(Beginning of SOURCE DATA)

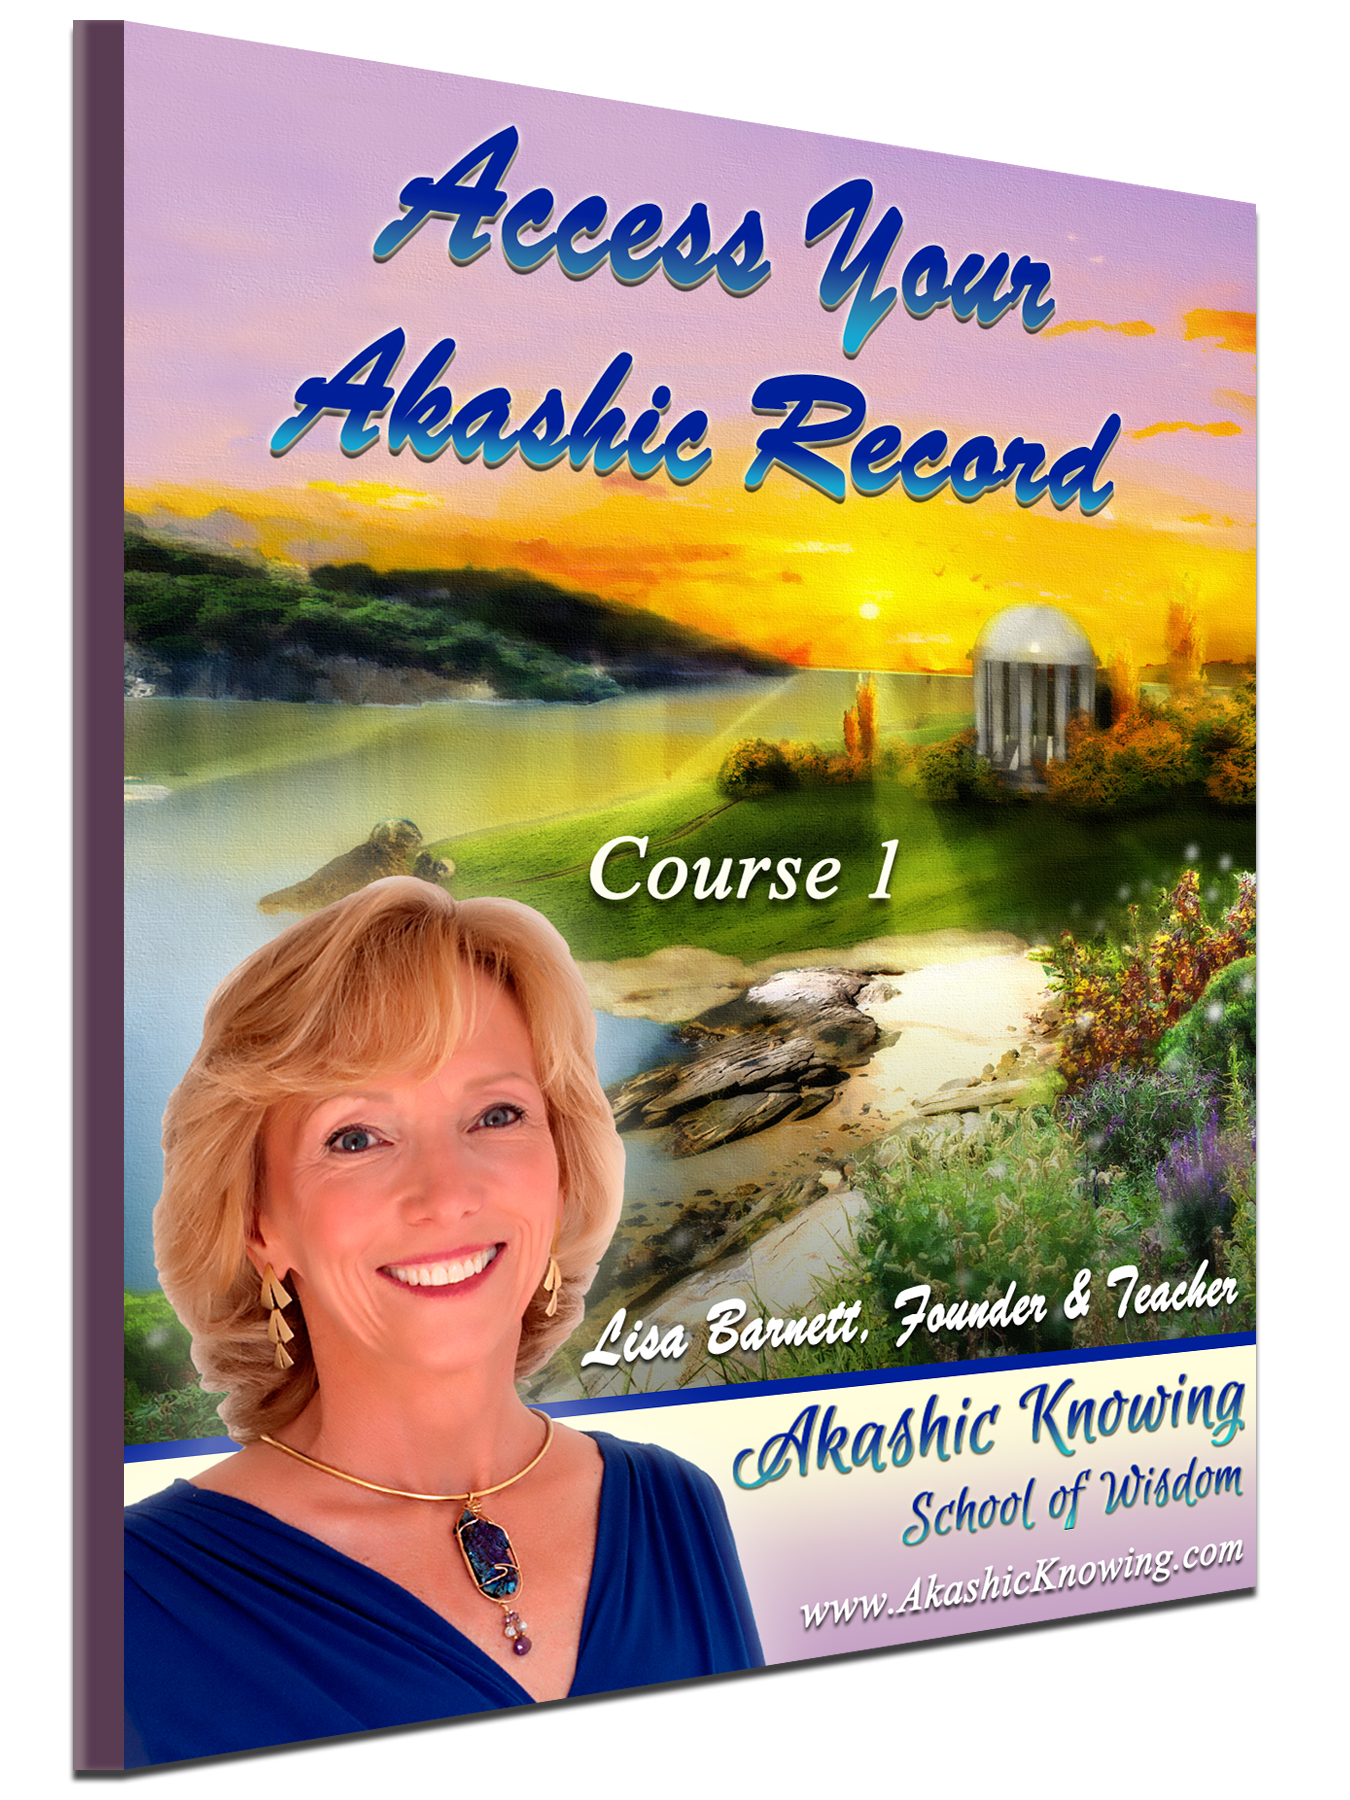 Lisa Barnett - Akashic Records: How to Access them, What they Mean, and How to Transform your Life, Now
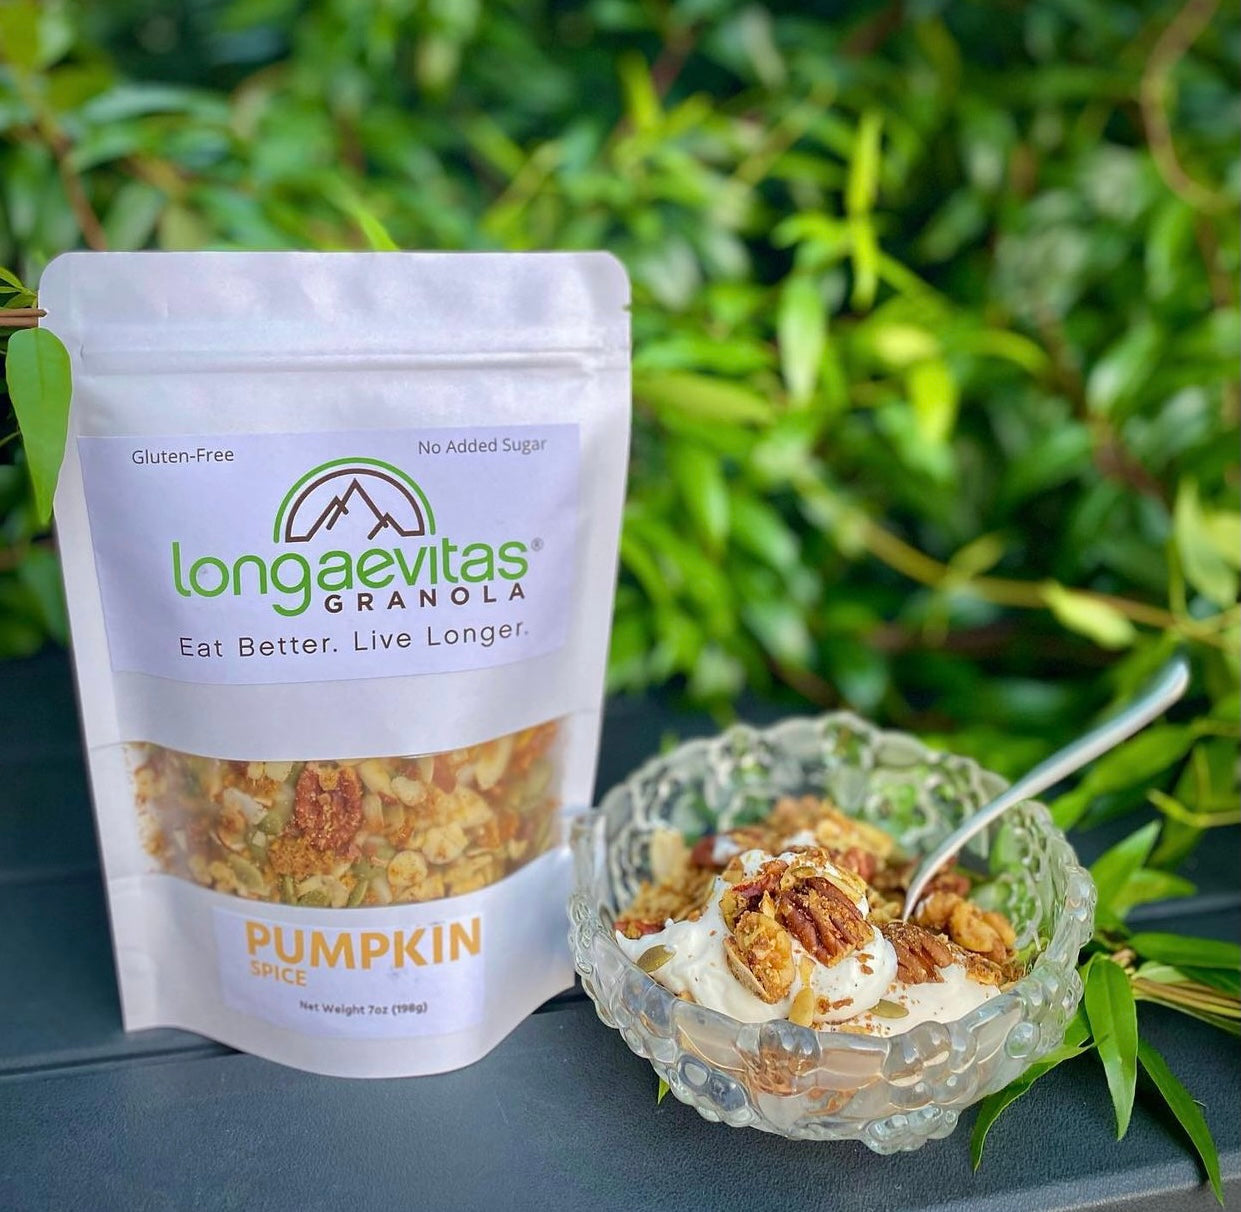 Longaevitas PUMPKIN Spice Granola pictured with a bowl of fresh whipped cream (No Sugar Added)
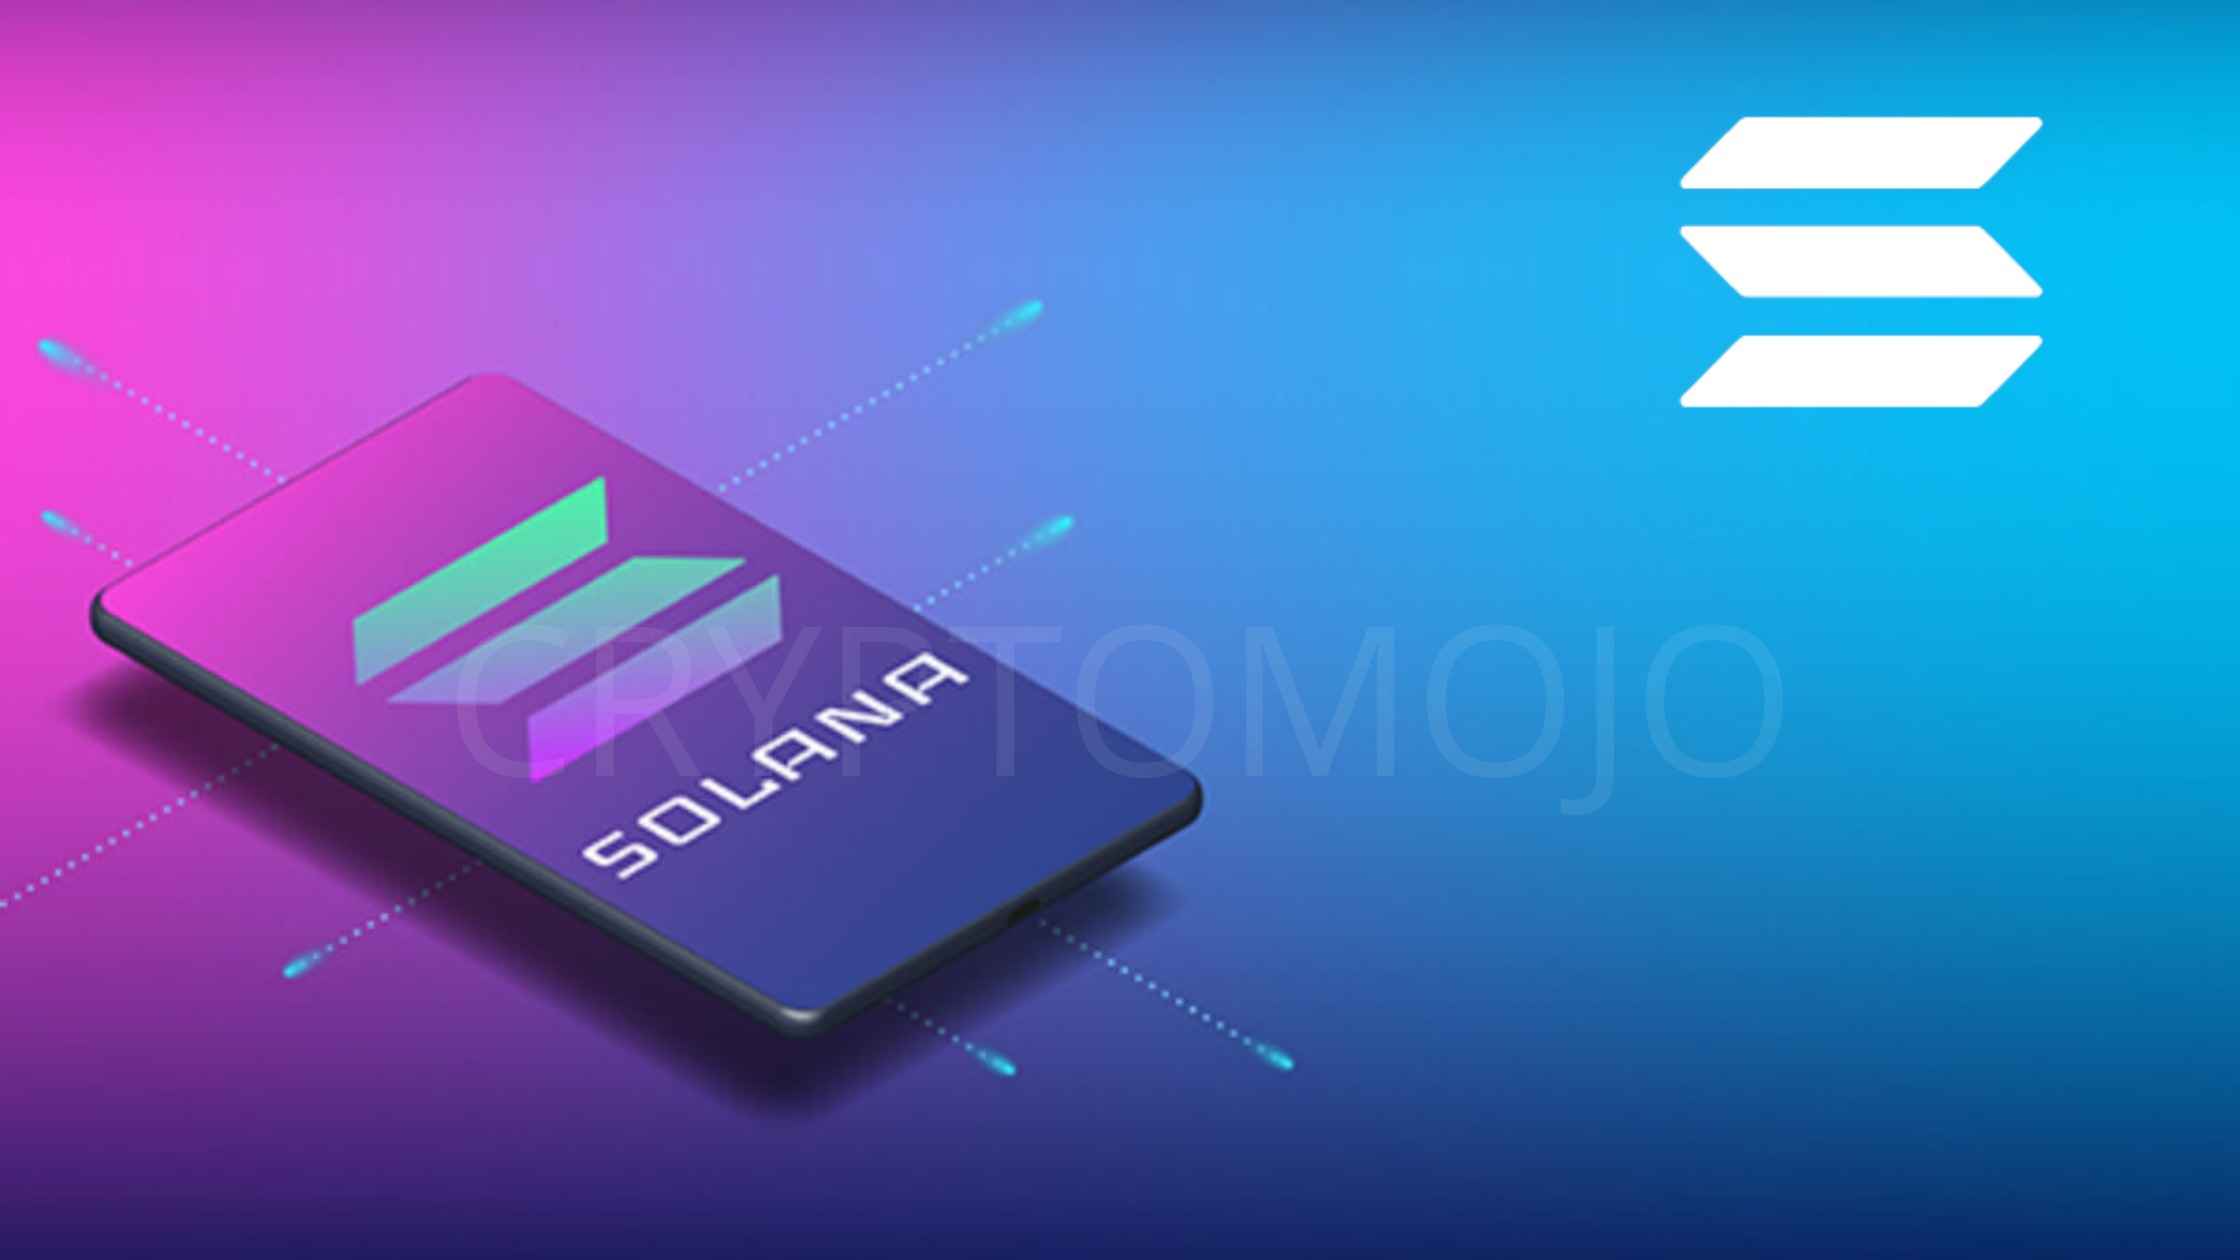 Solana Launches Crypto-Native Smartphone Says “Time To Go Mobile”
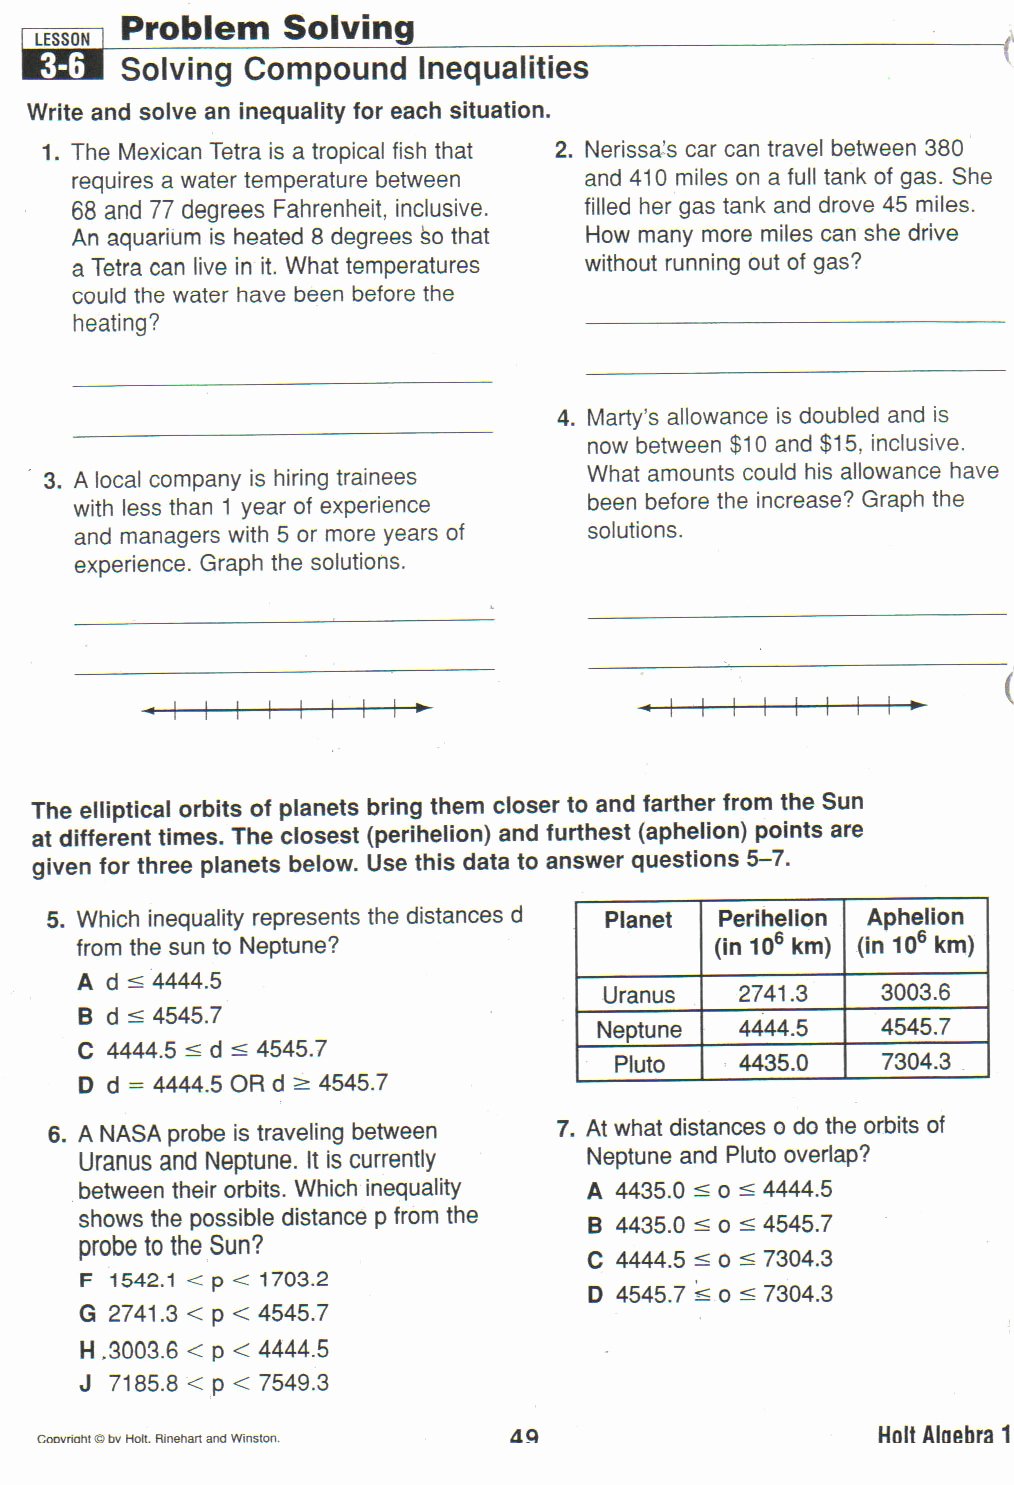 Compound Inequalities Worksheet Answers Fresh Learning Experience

(End of SOURCE DATA)

ABOUT THIS EXERCISE
Please give all of the data again, exact and free of pictures.

SOLUTION
 Lisa Barnett - Akashic Records: How to Access them, What they Mean, and How to Transform your Life, Now
 Longaevitas PUMPKIN Spice Granola pictured with a bowl of fresh whipped cream (No Sugar Added)
 Solana Launches Crypto-Native Smartphone Says “Time To Go Mobile”
 Compound Inequalities Worksheet Answers Fresh Learning Experience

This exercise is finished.